As you cross the Beirut River and enter Bourj Hammoud, you are directly transported into another world. It’s a city within a city where the smells of its restaurants fill the air and stand side by side next to jewelry, home ware, and fashion shops. Getting lost in the maze of streets selling every kind of artisanal product, you can’t help but feel transported out of Lebanon and into Armenia with shop signs written in two languages, Armenian and mostly English. Lebanon is home to around 230,000 people of Armenian descent, the sixth largest Armenian population outside Armenia worldwide.

Bourj Hammoud was founded by survivors of the Armenian Genocide of 1915 and expanded mostly during the 1930s. When the sick and exhausted Armenians arrived in Beirut after the collapse of the Ottoman Empire, they were given the right to construct shacks on the eastern banks of the Beirut River that was at the time swamps and marshy lands. They were then allowed to erect houses and buildings, which stand to this day. In 1952, Bourj Hammoud became an independent municipality. It has a population of 150,000 over an area of 2.5 km², making it one of the most densely populated areas in the Middle East.

Bourj Hammoud to me is a story of survival and hope, not merely evoking memories, but shaping one’s relation to the past and hopes for the future. As you walk through the narrow streets of Bourj Hammoud, you can’t help but be drawn to the amount of craftsmen that are there. They have built their community on skills inherited from their forefathers, making it a vibrant commercial and industrial hub. All kind of artisanal work can be found in Bourj Hammoud, from leather making, shoes, bags, belts, accessories, gold jewelry, tailor making, fabrics, beads, buttons, to crochets… It is a true haven for designers, and I am sure most of them have some kind of manufacturing happening there. Even as a place to wander, it offers a chance to soak in another culture. Its urban landscape of small buildings and very narrow streets with electrical wires zigzagging its skies, a vast contrast to the high rises that dominate most areas of Beirut, contribute to its unique feel.

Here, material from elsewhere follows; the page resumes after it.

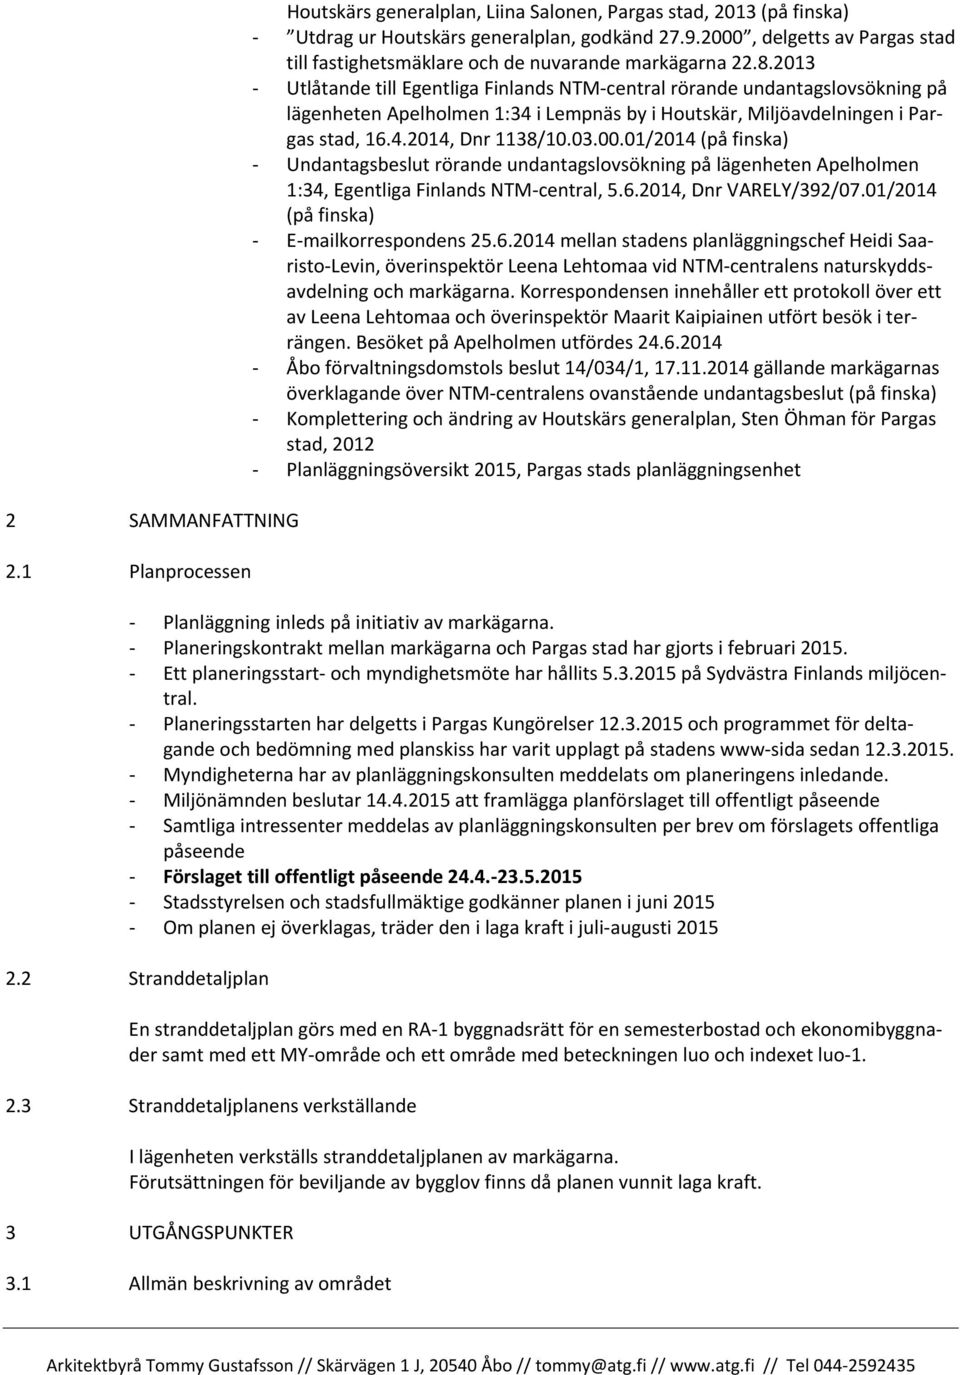 2013 - Utlåtande till Egentliga Finlands NTM-central rörande undantagslovsökning på lägenheten Apelholmen 1:34 i Lempnäs by i Houtskär, Miljöavdelningen i Pargas stad, 16.4.2014, Dnr 1138/10.03.00.

Brick by brick it is built. Its Mortar made from anguish and tears, mixed by hand, labored in blood, and sweat. All of their loss covered over with new stones. Each of those stones composed of dreams of the future. Placing each of the new stones and tamping them down securely, they ensured that it was a home, a community they were building. Eventually, one brick became two, two became four. And so on and so forth, until their journey became a destination and a hope for a new future. This exodus led them to a home, to safety, to a future, to building a prosperous community out of nothing… To hope.

Because I love walking though the narrow streets of Bourj Hammoud and discovering a whole new world within my world, I #livelovelebanon and I will #fighton.